M. Andrew Holowchak, Ph.D., is a professor of philosophy and history, who taught at institutions such as University of Pittsburgh, University of Michigan, and Rutgers University, Camden. He is editor of Journal of Thomas Jefferson and His Time and author/editor of over 65 books and over 275 published essays on topics such as ethics, ancient philosophy, science, psychoanalysis, and critical thinking. His current research is on Thomas Jefferson—he is acknowledged by many scholars to be the world’s foremost authority—and has published over 200 essays and 27 books on Jefferson. He also has numerous videos and a weekly series with Donna Vitak, titled “One Work, Five Questions,” on Jefferson on YouTube. He can be reached at [email protected]

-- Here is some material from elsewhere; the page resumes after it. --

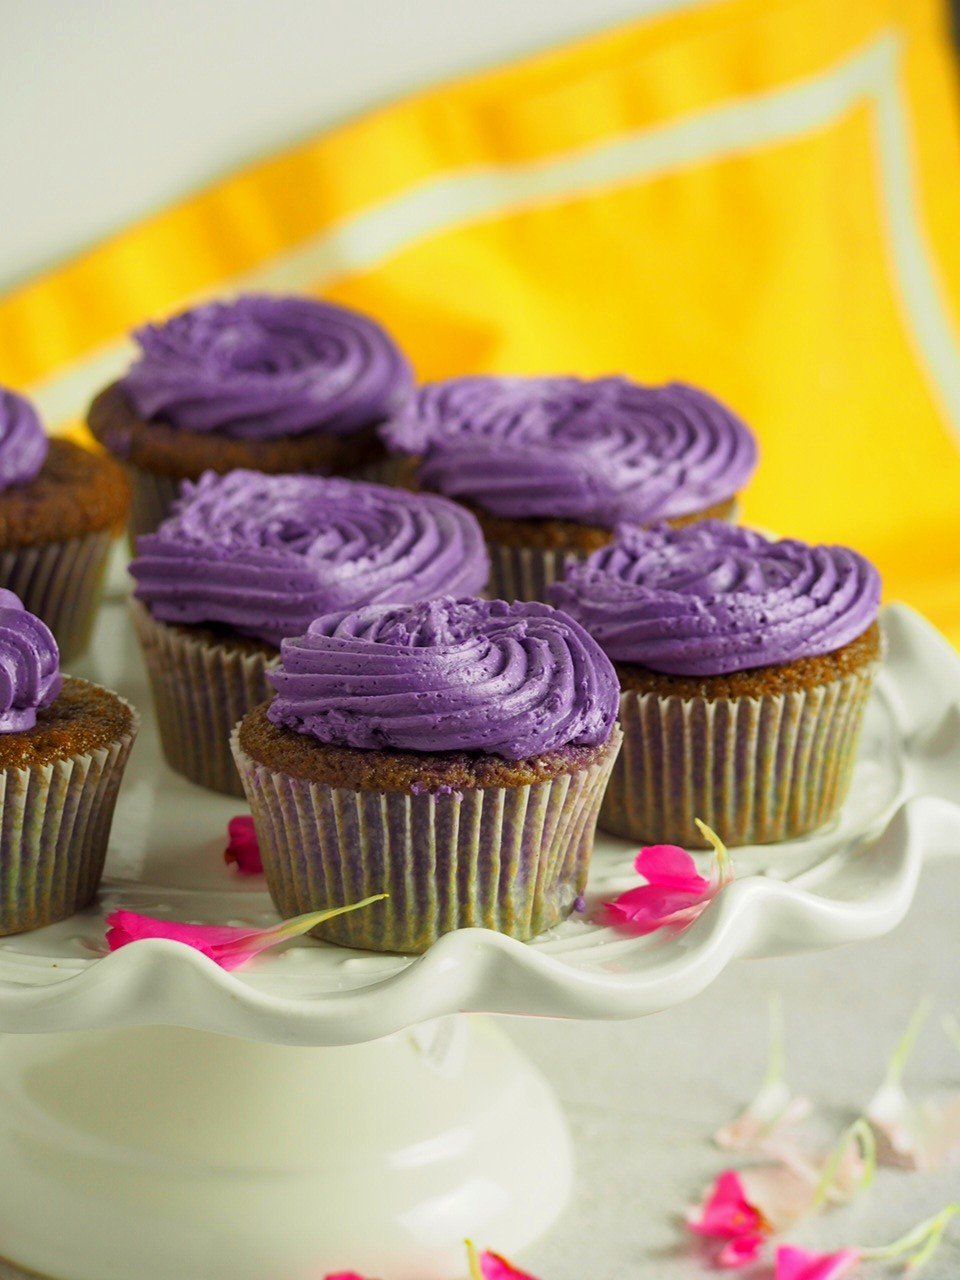 Ube cupcakes ready for serving.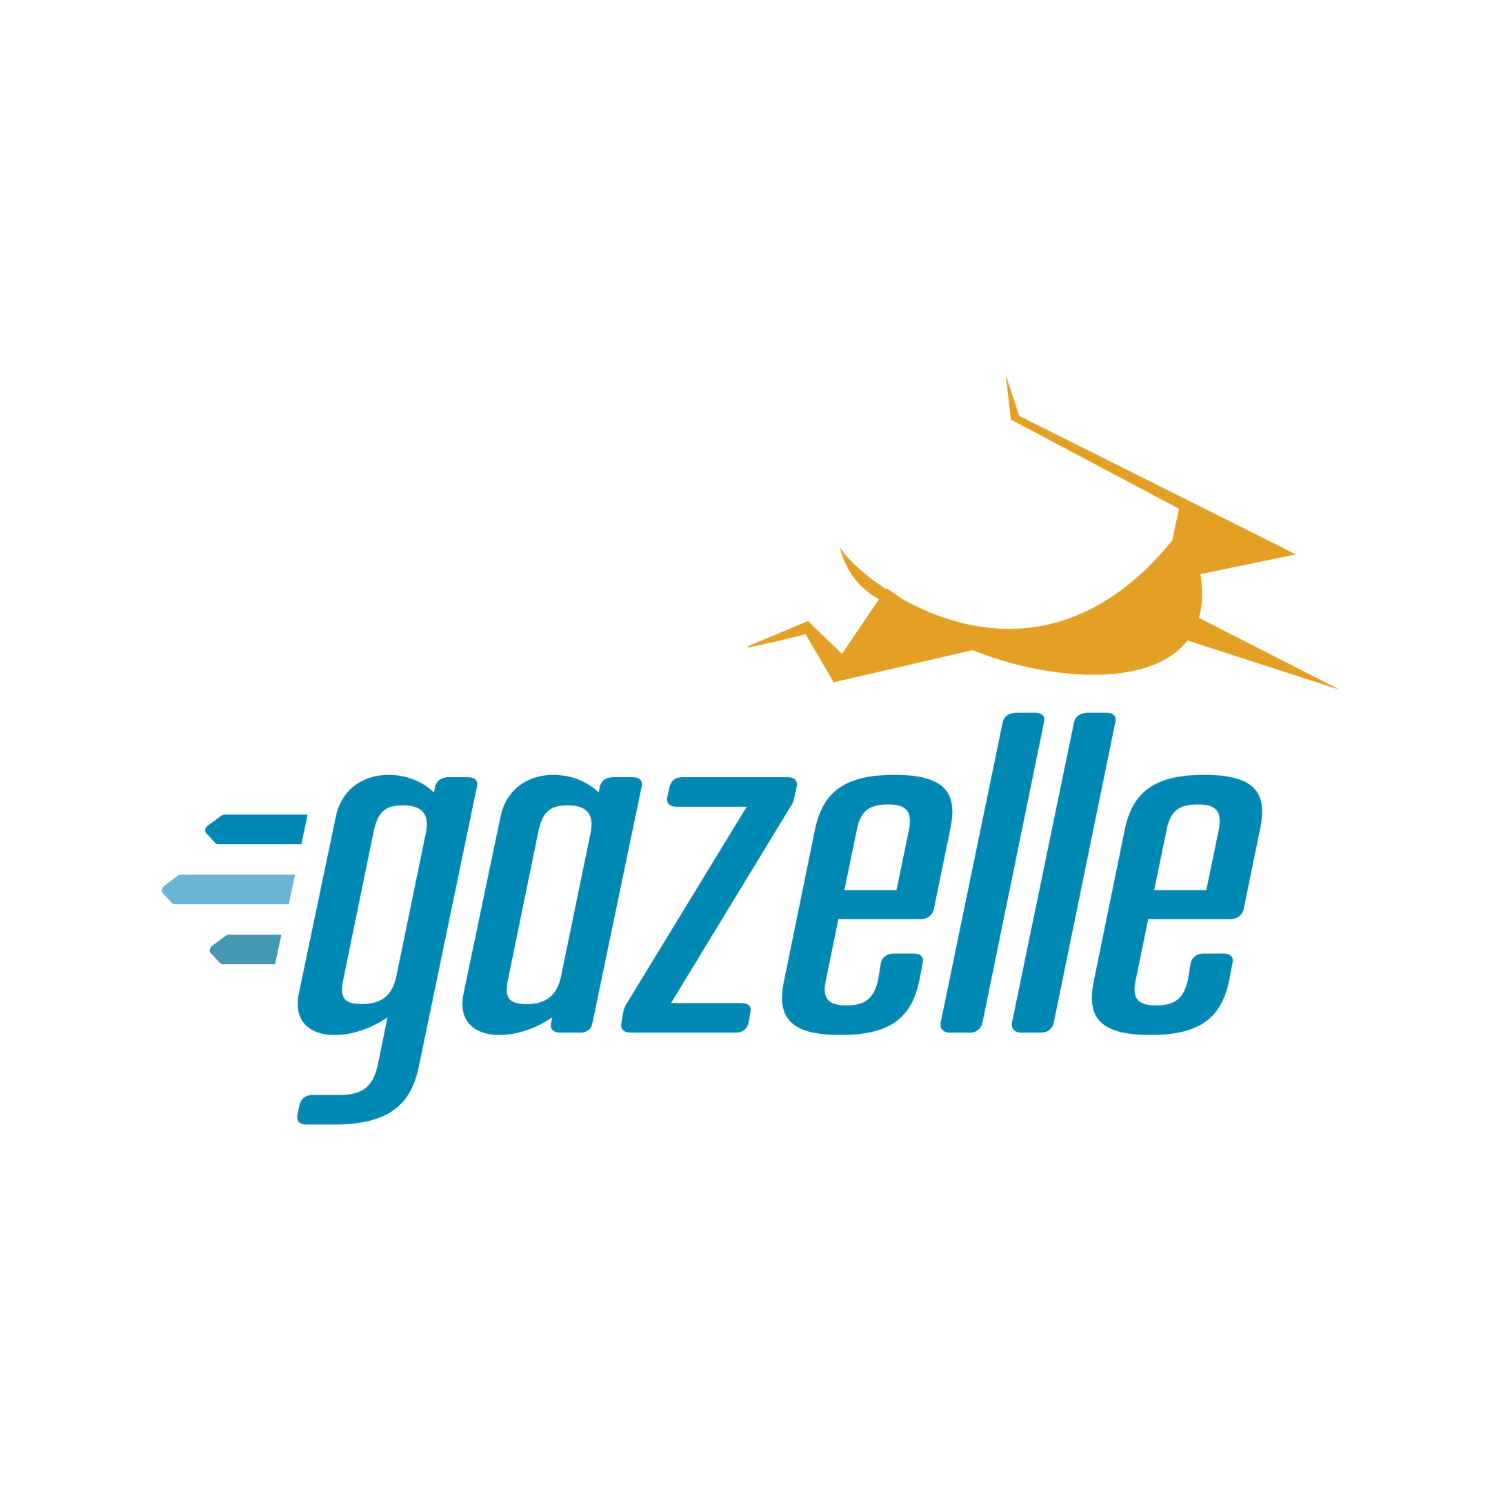 Gazelle – orGAniZing accELaration for high-potentiaL innovativE SMEs

  • William Quinton Platt III says:

    It’s strange how some humans find the lure of cities compelling. They’re the same one who say the world is overpopulated.

    Jefferson would have found the studies on “behavioral sink” to support his beliefs.

  • Valerie Protopapas says:

    I do not mean to decry Mr. Jefferson whose intellect and morals are (mostly) without reproach. But I do wish to point out to anyone trying to “cure” the human condition that NOTHING of, for and by man INCLUDING governments, cities, farms etc. etc. etc. is immune to the morality of those involved in creating and/or existing within them.

    It’s really rather simple, all told. Good ingredients lead to a good result; bad ingredients lead to a bad result and a mix of the two eventually leads to that mix going further and further “bad.” Things tend not to get better in this moral existence. Nowhere is this more evident than in this nation today. We probably still have more good people than bad, but that situation is rapidly changing mostly as a result of the bad gaining more and more power. Power seldom goes to the good. I don’t know whether that’s because power itself is corrupting a la Lord Acton or if it is just the nature of existence that things decay. But we have to seriously avoid trying to “cure” problems by focusing on the matrix in which those problems exist. The only “ingredient” that makes something better or worse is the ingredient known as men (and women, of course) from which all that is both good and bad comes into existence. Focusing on anything else is akin to rearranging deck chairs on the Titanic.

    • John Brandt says:

      And greedy developers seek redress through the courts when their plans are blocked. We have deer in North Georgia running on the streets and the designers won’t be happy until all the trees are gone. I see now they are cutting a path into the tree lines and building houses so far back along a narrow line that one would never know they are there. Jefferson would not take kindly to what is taking place. And the open border I’m sure brings dollar signs to their geedy eyes.